**About this exercise**
Set down the final stretch of the data, from the line that holds "Happy young woman" through the last line, both included, with pictures left out.

**Given material**

_ _ _

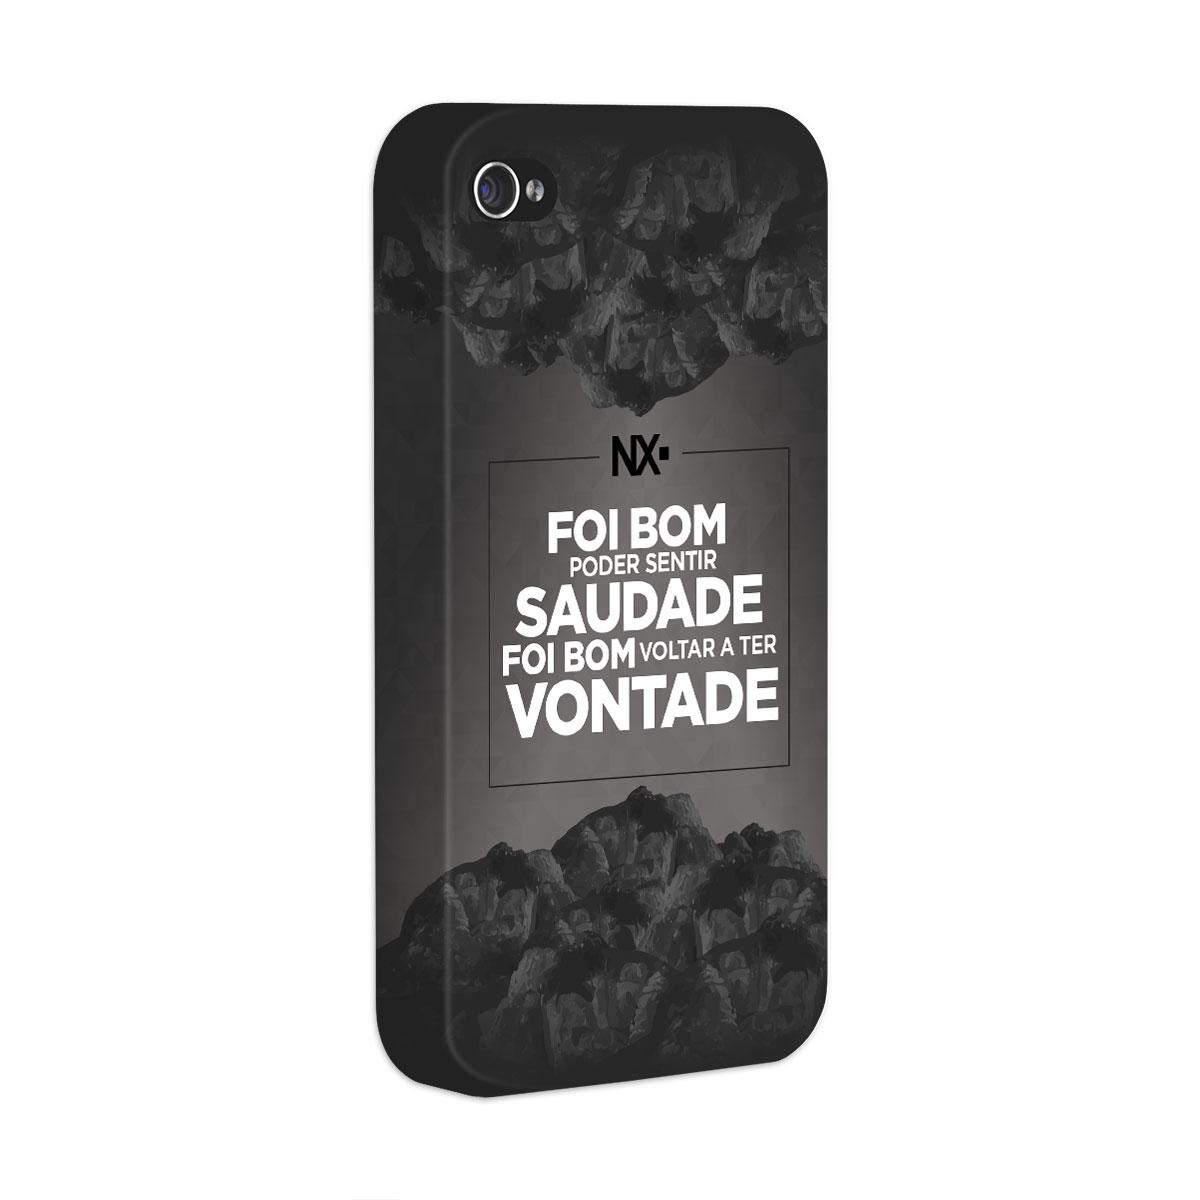 Capa para iPhone 4/4S NXZero Voltar a Ter Vontade
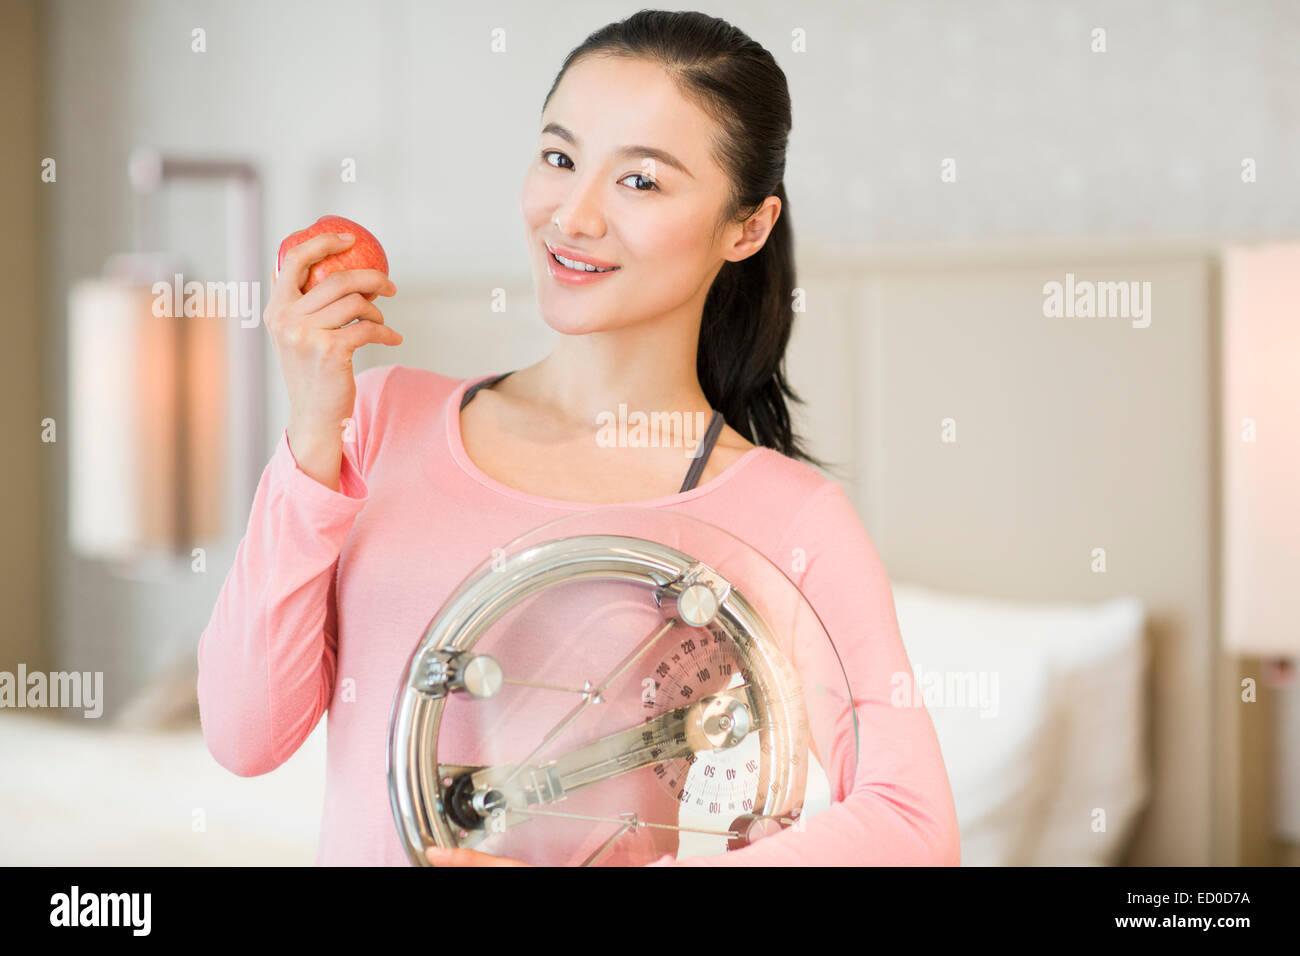 Happy young woman holding apple et l'échelle de poids Photo Stock
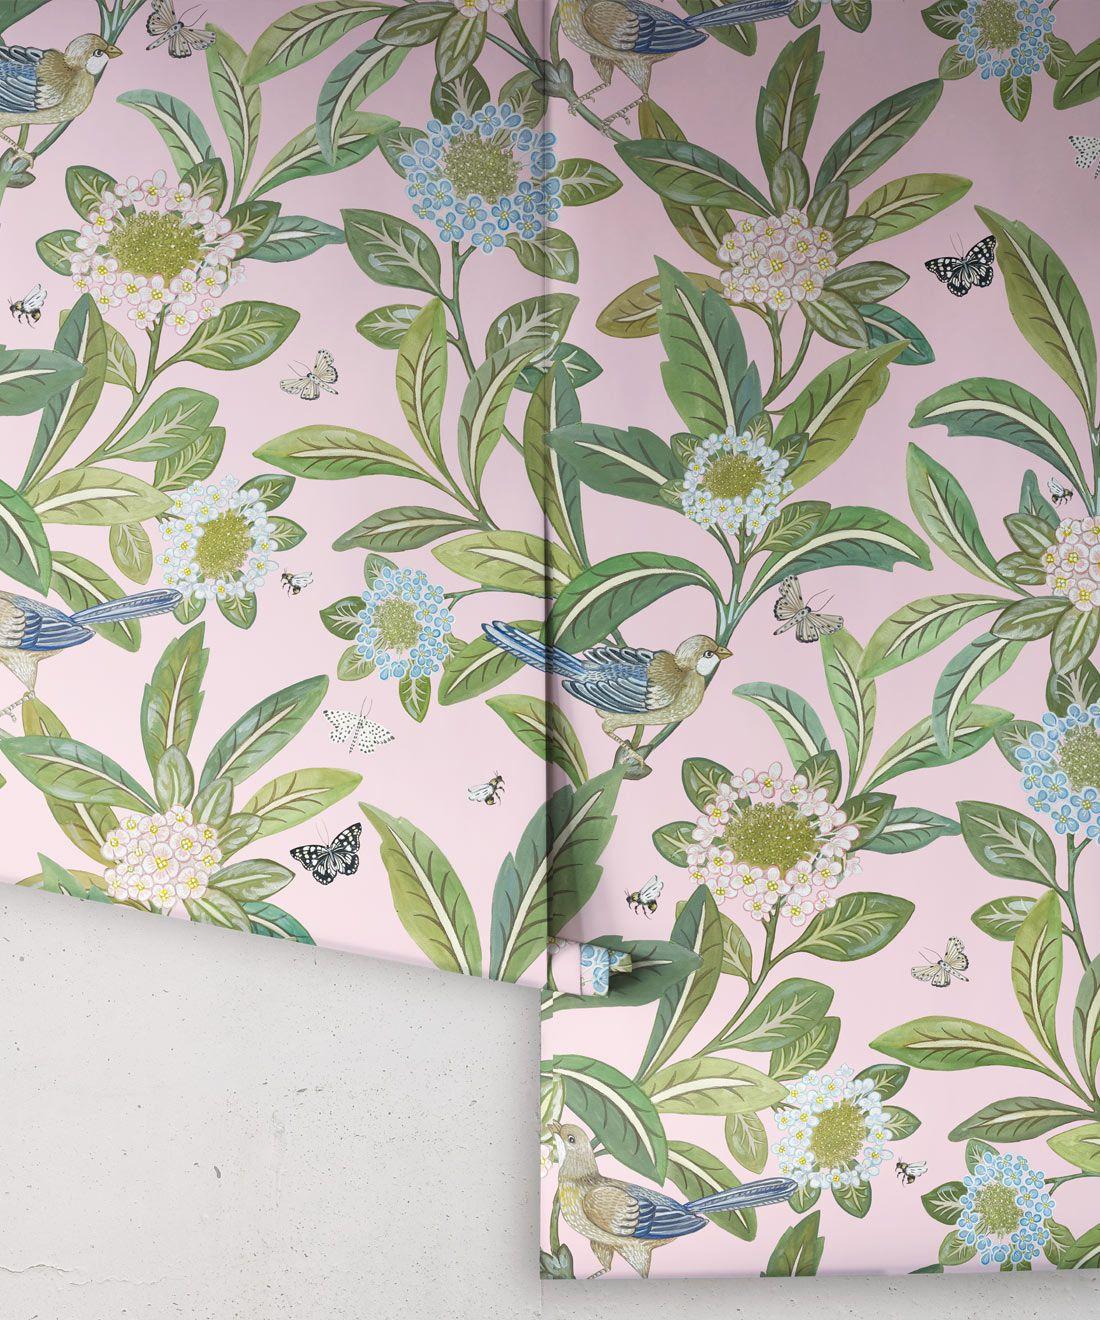 Summer Garden Wallpaper • Pink Wallpaper • Floral Wallpaper Rolls

_ _ _

**Finished task**
 Happy young woman holding apple et l'échelle de poids Photo Stock
 Summer Garden Wallpaper • Pink Wallpaper • Floral Wallpaper Rolls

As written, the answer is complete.